Given that the arrowheads are quite likely not as prone to simple destruction (although the shafts still are), I would probably rule that missed arrows are recovered 75% of the time as opposed to 50%, the difference being that roughly half that are unrecoverable are simply lost. For arrows destroyed in use against a creature, provided they are recovered, I would allow them to reduce the cost to forge new arrowheads by 50%.
 

it was bound to happen eventually

frankthedm said:
Same here. By the rules the arrow is ruined if it hits and 50%/50% if it misses.

I would personally say an adamantine arrow that is 'ruined' needs a new shaft rather than a new arrowhead unless the arrow is doing over 20 damage on a hit.

I find myself in agreement with Frank... o.0
 

airwalkrr said:
Given that the arrowheads are quite likely not as prone to simple destruction (although the shafts still are), I would probably rule that missed arrows are recovered 75% of the time as opposed to 50%, the difference being that roughly half that are unrecoverable are simply lost. For arrows destroyed in use against a creature, provided they are recovered, I would allow them to reduce the cost to forge new arrowheads by 50%.

If I were spending that much per arrow then there would never be any lost. I wouldn't care if I had to swim through 5 feet of sewage.

I bet the fighter with the adamantine broadsword would say the same.
 

geosapient said:
If I were spending that much per arrow then there would never be any lost. I wouldn't care if I had to swim through 5 feet of sewage.

I bet the fighter with the adamantine broadsword would say the same.

*Archer spends 2 hours hunting for the adamantine arrow he fired out over the open plain that missed it's mark by a long shot*

Wizard: Dammit, Archer! Just take 60 gp from me and let's get on with the $%^&ing adventure!
Cleric: Yea, sheesh. It's not like we didn't just loot six THOUSAND gp from that giant tribe we slew.
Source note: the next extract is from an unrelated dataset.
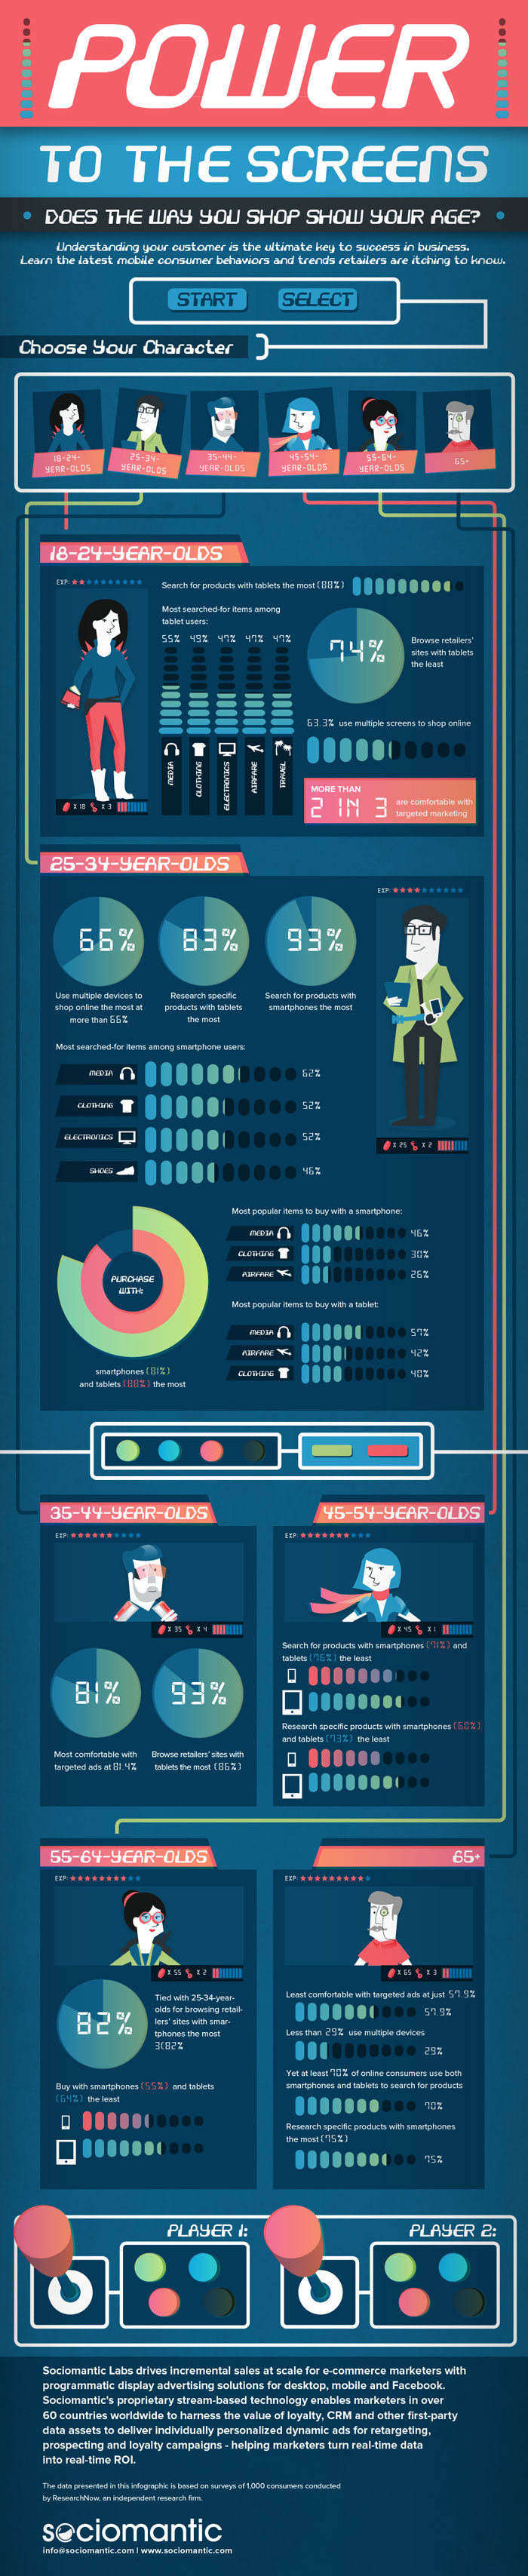 Infographie Sociomantic Power to the Screens

Seriously though, an arrow getting "lost" could mean more than simply an inability to find it. The arrow might have accidentally fired long and wound up on some travelling merchant's cart a long distance off. It may have fallen in a field next to (or inside!) a farmer who picked it up, thinking it good luck. It might have plunged into a stream and been carried downstream and covered with silt before you get to it. I can think of a myriad more explanations for why an arrow might get lost. And let's be perfectly honest; by the time you are firing adamantine arrows, losing a handful is not going to cripple you monetarily. Five are worth one potion of cure moderate wounds and I bet you weren't crying over that loss when you really needed the hit points and the cleric was 60 feet away. Trudge around in the sewage all you like; only misers will worry about the incidental costs in a campaign where the DM is awarding appropriate (standard) treasure awards.